Note: Lively class participation (including appropriate humor that is shared by all) is strongly encouraged and (indirectly) rewarded (e.g., citations in letters of recommendation, etc.).

Grades (“Curve”)

Grades (based on total numerical score) will be assigned as follows: 

If your numerical score is equal to100, your Course Grade will be an A+.

If your numerical score is smaller than 45, your Course Grade will be an F.

Optional References

Software

It is very appropriate (and in many cases, necessary) to make use of your scientific calculator and/or commercially available software (such as Matlab) in carrying out complex or tedious calculations. Examples of this type of calculations include (but not limited to): Plots, Eigen-problems, Matrix Inversions, Systems of Algebraic Equations, Differential Equations, Integration, etc.  If you do make use of such resources, be certain to mention the source (e.g., Matlab) in your work. (You may attach a printout of your code, numerical results, etc.) Matlab is available at CIRT pods as well as ME Department's computer room.
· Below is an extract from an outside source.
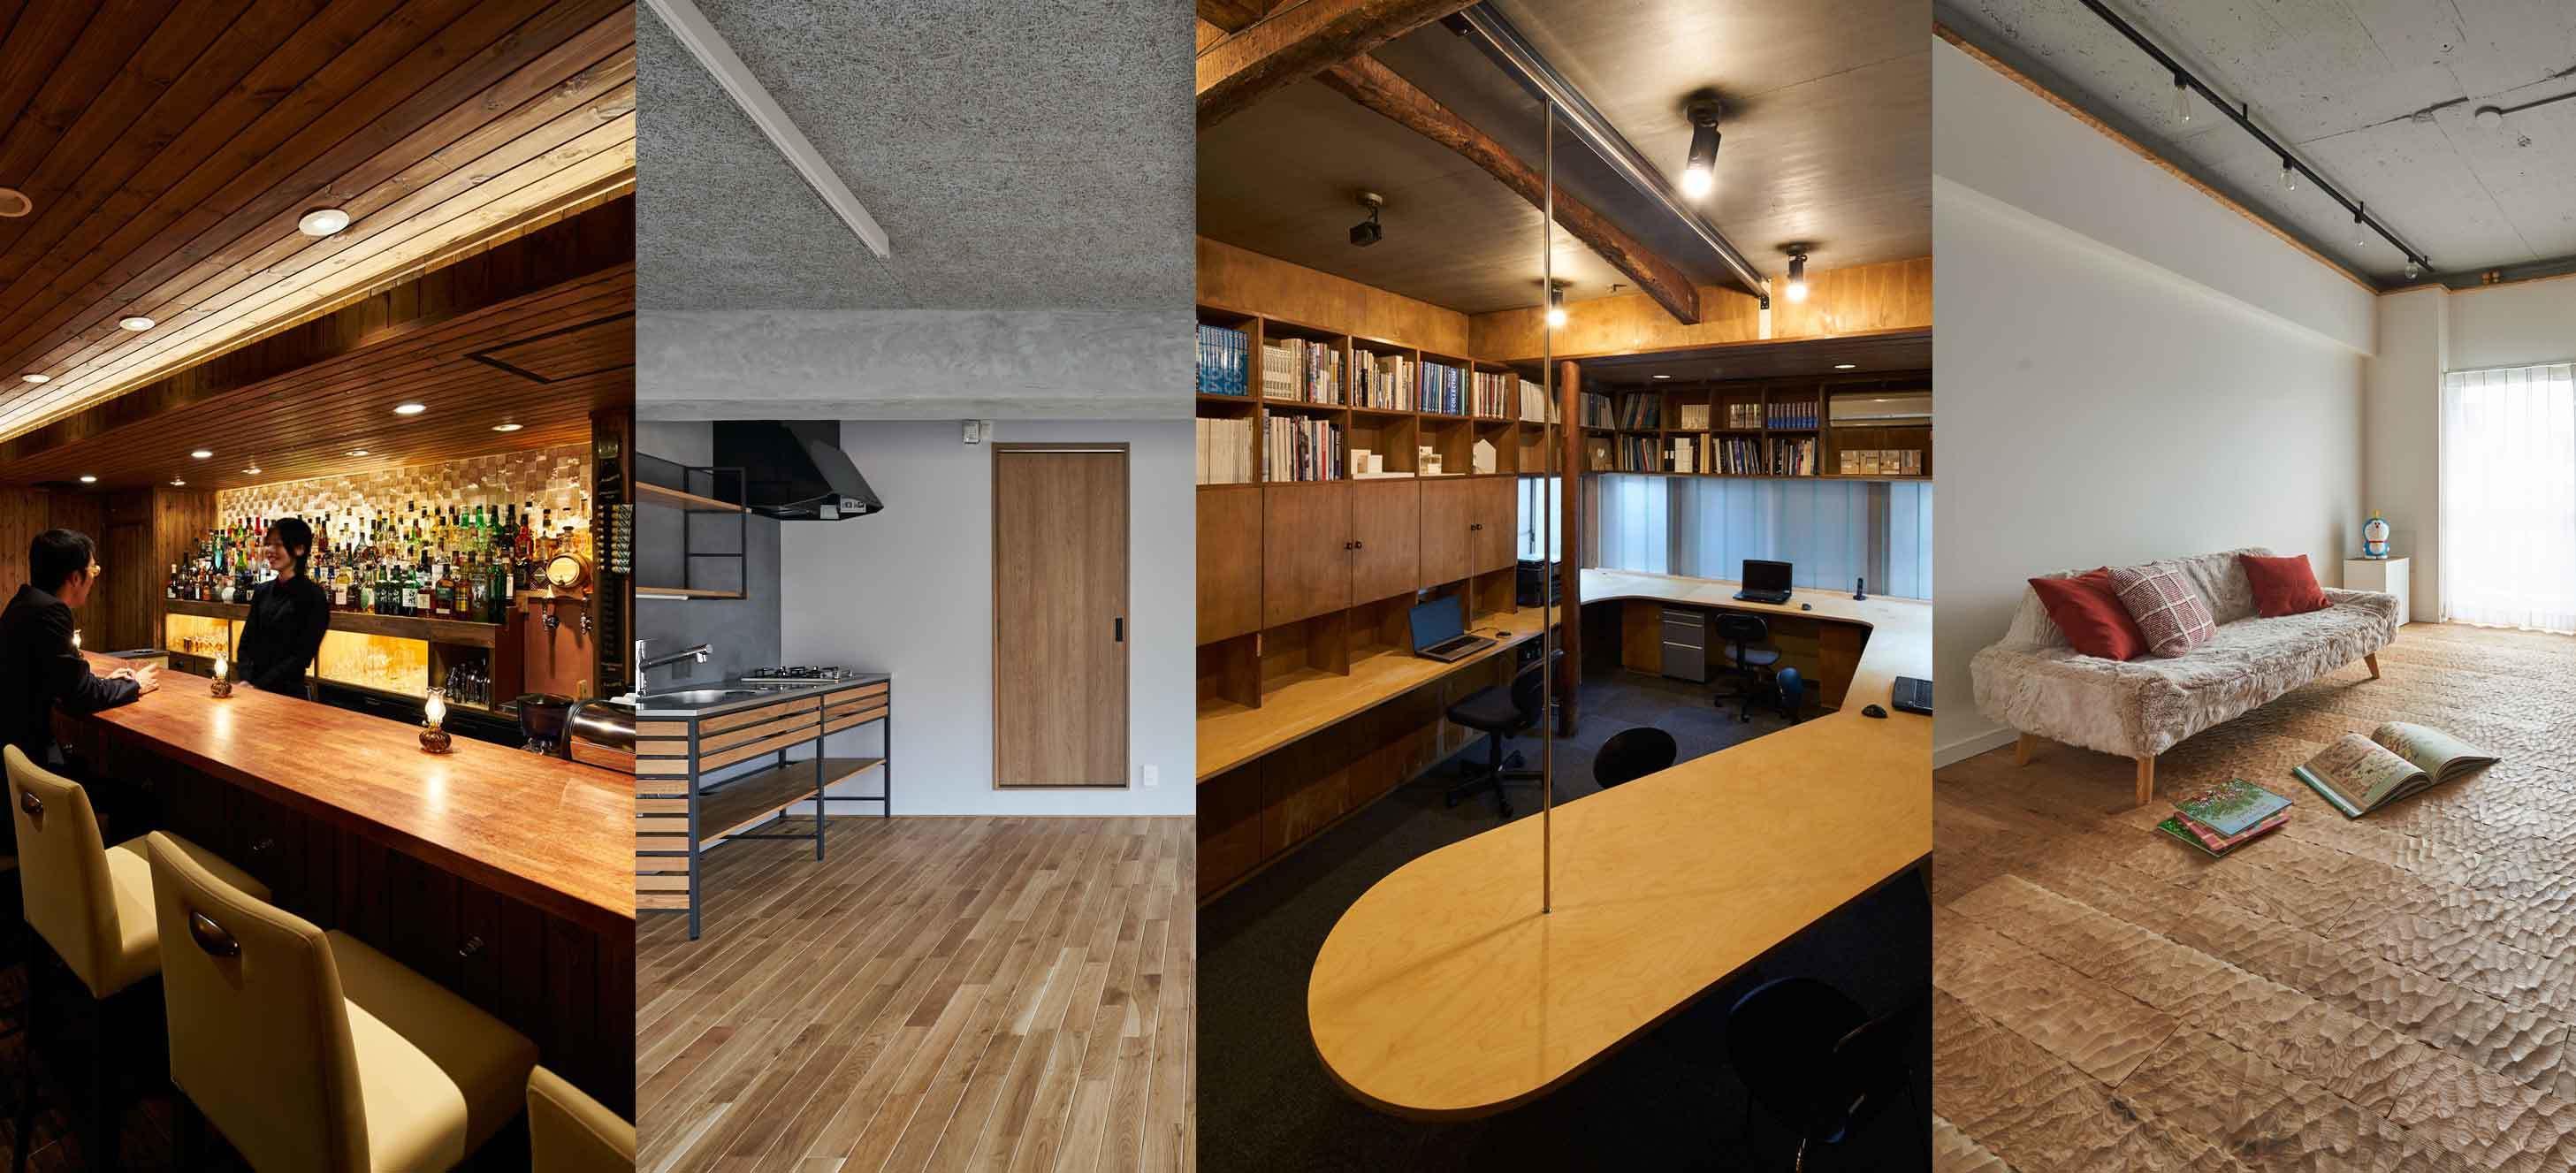 改修設計も手掛けています。左から、バー、マンション、旧長友事務所、マンションの改修です。

For a tutorial on Matlab please visit The MathWorks.

Web-based Instructional Support

ME 480/580 Not-for-Public Web directory: This directory is available only to registered students; access will be provided at the beginning of the semester (see your UNM e-mail “Inbox” when the semester starts). In this directory, you are provided with course e-handouts as well as supplemental material (such as Answers, Exam Keys, etc.).

Outline of Contents

1. Writing Differential Equations for Engineering Systems such as Mechanical, Hydraulic, Electric, Electromechanical, Thermal, and Ecological Systems.
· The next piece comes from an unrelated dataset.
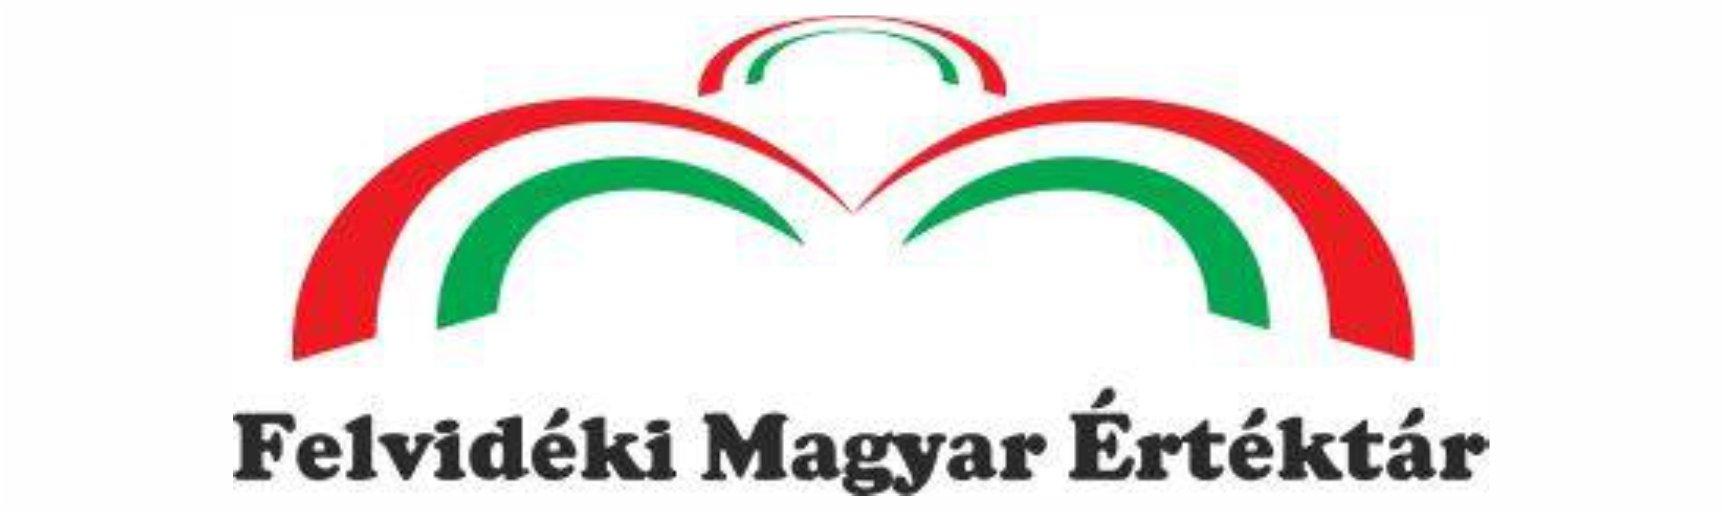 ertektar-logo
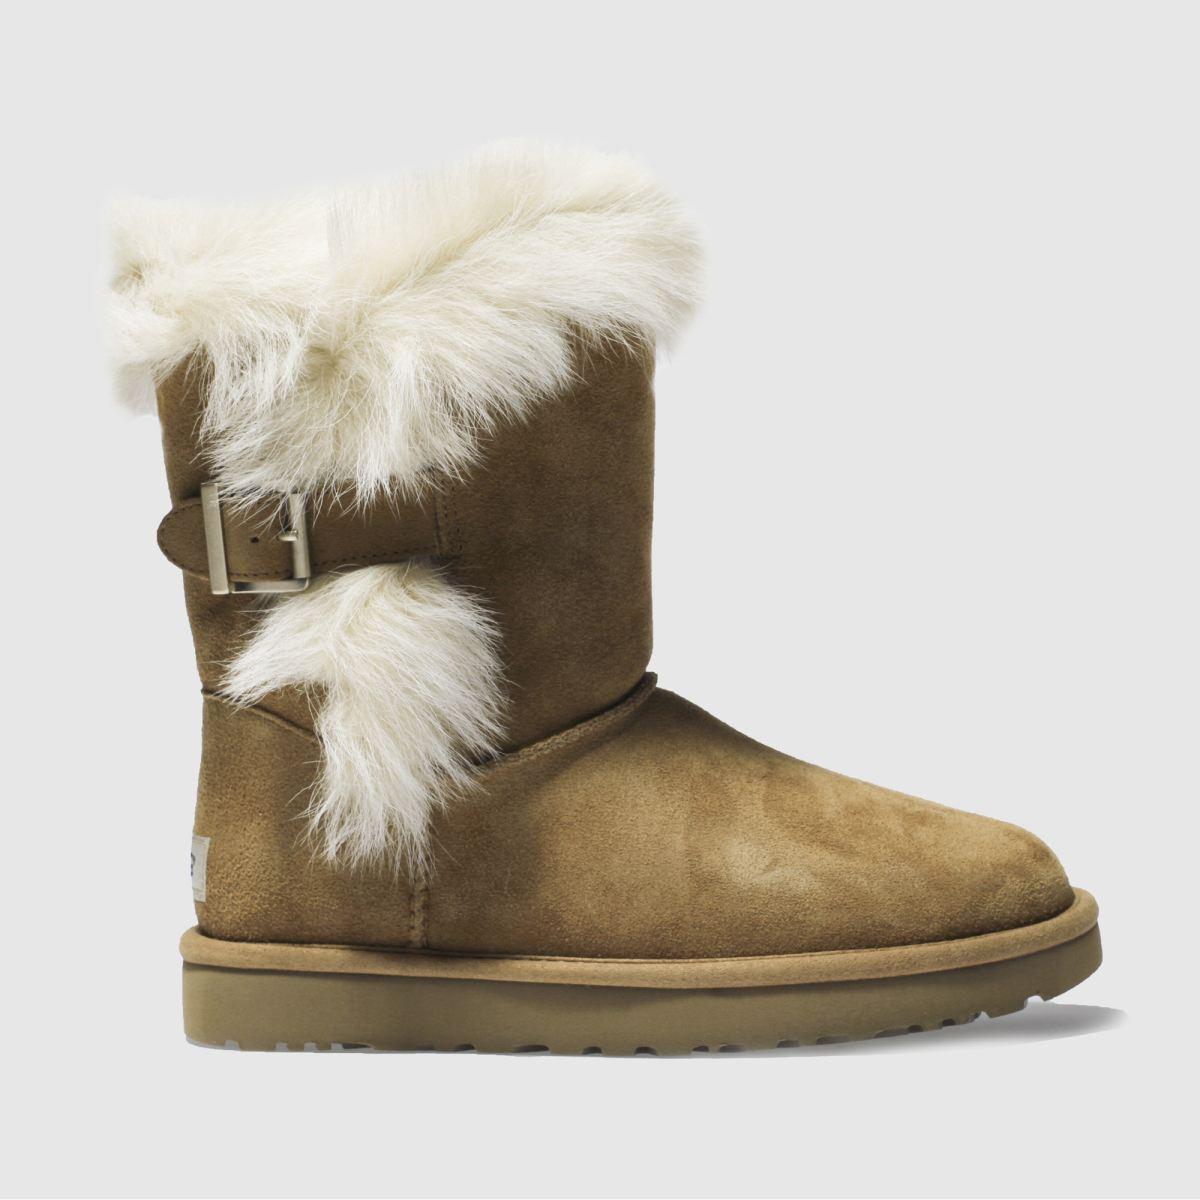 Ugg Tan Deena Boots

2. Standard Signals: Unit Step, Unit Ramp, and Unit Parabola. Mathematical Descriptions of Continuous-Time Systems: Input-Output Descriptions of Single Variable Systems (Convolution); Computation of the Impulse Response; Graphical Convolution; Transfer Functions; “Simulation” Diagrams; Concept of State; Continuous Dynamical Systems; Deriving State-Space Descriptions; Linear Transformation of State Variables; Obtaining the Transfer Function from the State-Space Description.

3. Analysis of the State Equations for Continuous-Time Systems: Time-Varying Homogeneous Case, Fundamental Matrices, and the State Transition Matrix; Time-Invariant Homogeneous Case; Time-Invariant Forced Case; System Modes and Modal Decomposition.
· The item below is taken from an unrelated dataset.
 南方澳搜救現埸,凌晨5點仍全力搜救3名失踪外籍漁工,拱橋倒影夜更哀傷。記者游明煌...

4. System Controllability and Observability: Controllability and Observability of Time-Invariant Systems with Distinct Eigenvalues; Direct Criteria.

5. System Stability: Equilibrium States; Stability Concepts; Stability Criteria for Zero-Input and Nonzero-Input Systems; Total Stability; Lyapunov's Direct Method.

Time permitting, the following topics will also be covered:

6. Mathematical Descriptions of Discrete-Time Systems: Difference Operators; Representing Discrete Systems by Difference Equations; Classical Solution of Difference Equations; Introduction to Stability of Discrete Systems; Superposition Summations; Weighting Sequence; Practical Applications of Difference Equations; Z-transforms; Simulation Diagrams; State-Space Descriptions; Transformation of State Variables and System Representations; Solution to Homogeneous Equations.

7. Analysis of the State Equations for Discrete-Time Systems: Time-Varying Homogeneous Case, Fundamental Matrices, and the State Transition Matrix; Time-Invariant, Homogeneous Case; Time-Invariant Forced Case. Controllability, Observability, and Stability.

Additional Comments

Use of cell phones (voice, text, games, etc.) is not allowed in the classroom. Turn off and conceal your cell phone before entering the classroom.